If a relevant norm was not included in context, the reason is always one of these:

  1. The task did not link to a spec that references the norm
  2. The spec exists but does not list the norm in its links.norms
  3. The token budget caused it to be dropped

All three are visible and fixable. Add the missing link, increase the budget, or restructure the links. With RAG, the answer to “why was this document missing?” is usually “the embedding similarity score was below the threshold,” which is not actionable.

Contextia provides contextia check to validate link integrity:

Terminal window
$ contextia check
WARN SPEC-BILLING-001 links to DEC-BILLING-004, which does not exist
WARN src/billing/invoice/generator.py has @spec SPEC-BILLING-002,
but SPEC-BILLING-002 does not list this path
OK 14 specs, 8 decisions, 5 norms 2 warnings, 0 errors

Broken links are caught before they affect context assembly. This is preventive maintenance that RAG systems cannot offer — you cannot validate that an embedding will retrieve the right document.
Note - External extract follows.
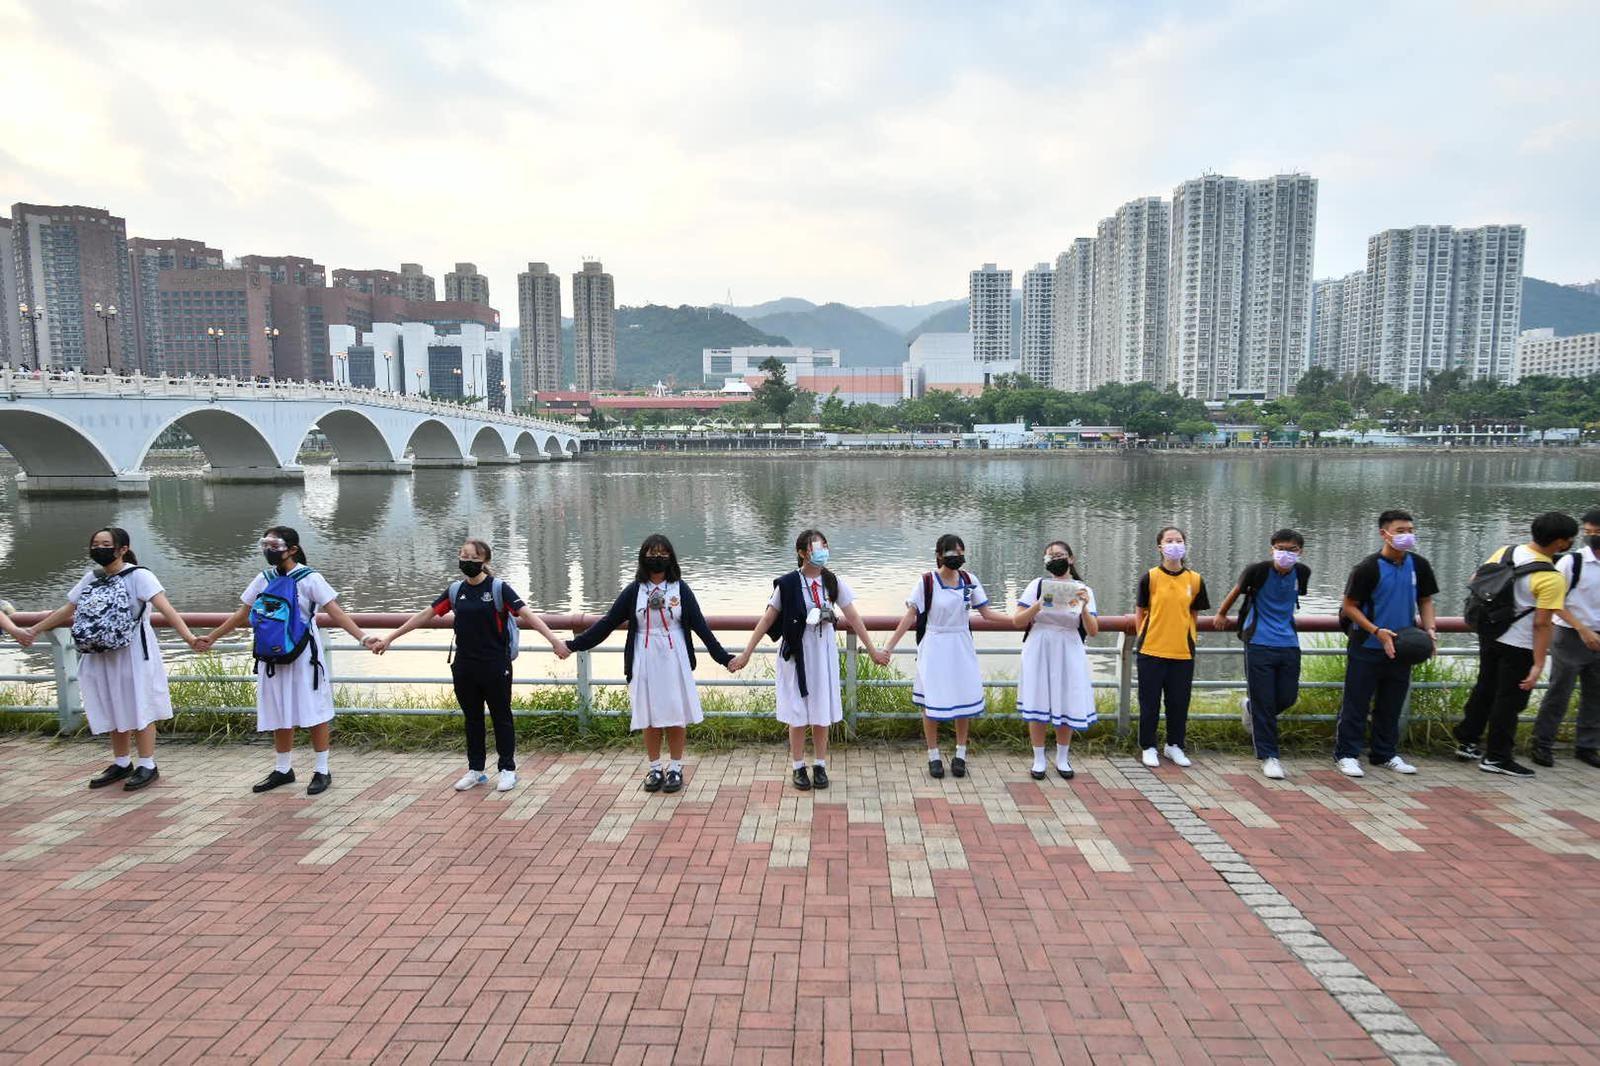 【修例风波】网民发起沙田联校人链活动 多名学生参与

When context is assembled, it is formatted for its audience. The MCP server returns context optimized for LLM consumption:

=== IDENTITY ===
project: acme-billing | python, typescript | fastapi, react
=== TASK: TASK-042 ===
title: Add multi-currency support to invoice generation
status: in_progress
specs: SPEC-BILLING-001, SPEC-CURRENCY-001
=== SPEC: SPEC-BILLING-001 ===
title: Invoice Generation
status: current
paths: src/billing/invoice/**, src/billing/templates/invoice*
The invoice generation subsystem creates PDF invoices from
subscription and usage data at the end of each billing cycle.
[...]
=== NORM: NORM-ERROR-001 ===
title: Error Handling Conventions
[...]

This format is designed for token efficiency: minimal markup, clear section boundaries, essential information front-loaded. It is not Markdown (which wastes tokens on formatting characters) and not JSON (which wastes tokens on structural syntax). It is a compact, readable format that gives the agent maximum information per token.
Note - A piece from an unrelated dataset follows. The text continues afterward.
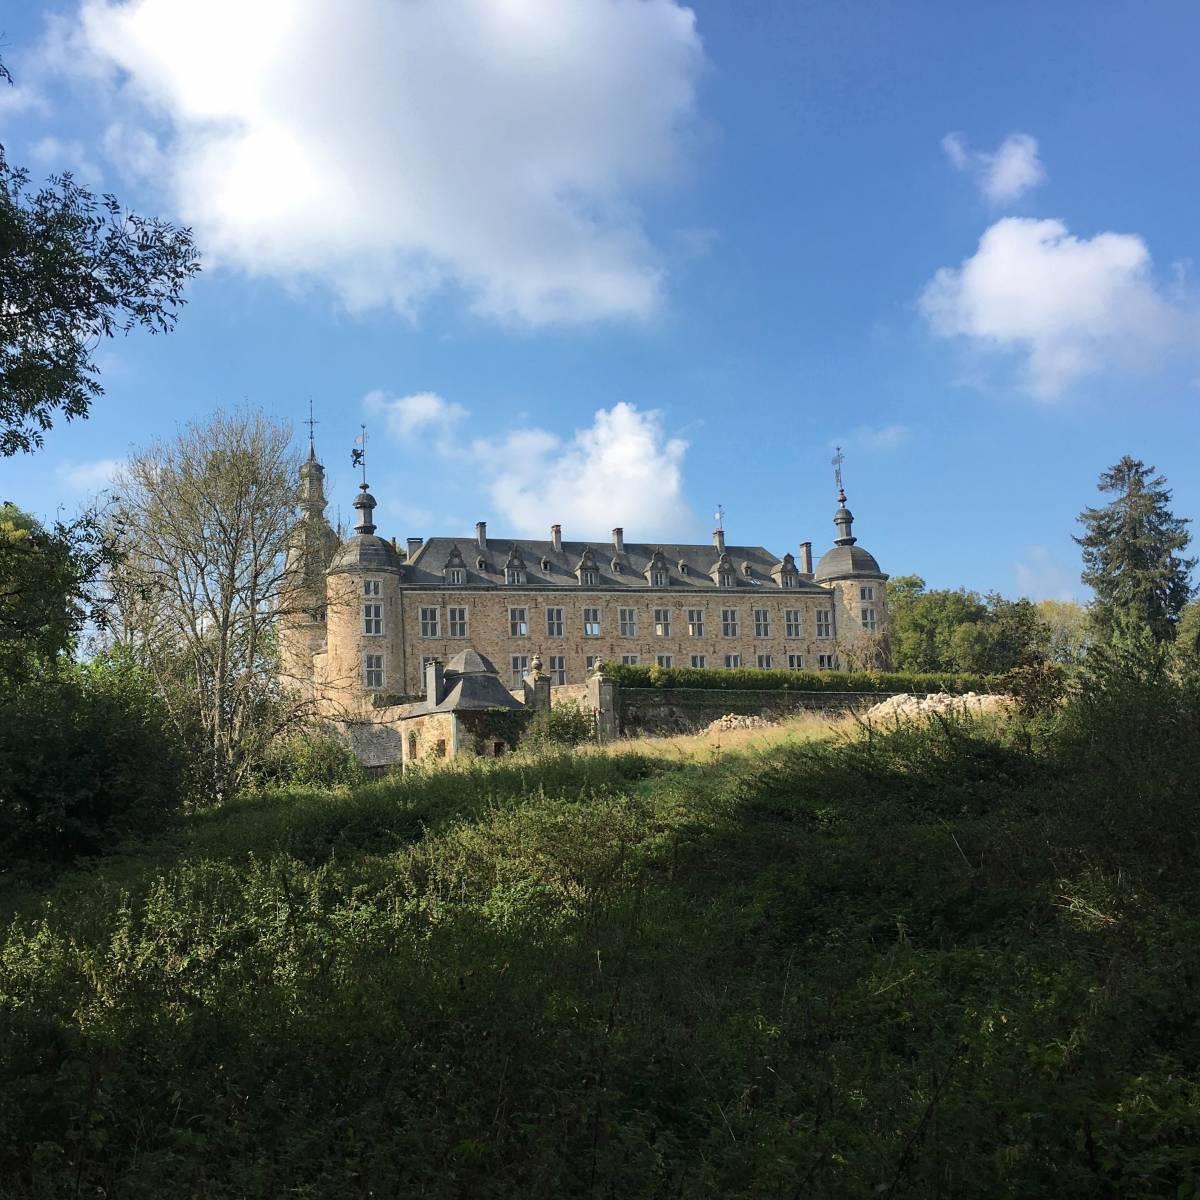 Château de mirwart_zichtmonument (1)

Deterministic context assembly works best when:

  • The project has well-defined specifications and decisions
  • The relationships between artifacts are known and stable
  • Completeness and reproducibility matter more than discovery
  • The agent needs to follow project conventions precisely

It is less suitable when:

  • The project has no structured documentation (Contextia needs artifacts to link)
  • The task is exploratory and the relevant documents are not known in advance
  • The codebase is so small that the entire project fits in context

For most production codebases with established architecture and conventions, deterministic assembly provides more reliable results than search-based approaches. The upfront cost of writing structured artifacts pays for itself in the consistency and auditability of agent output.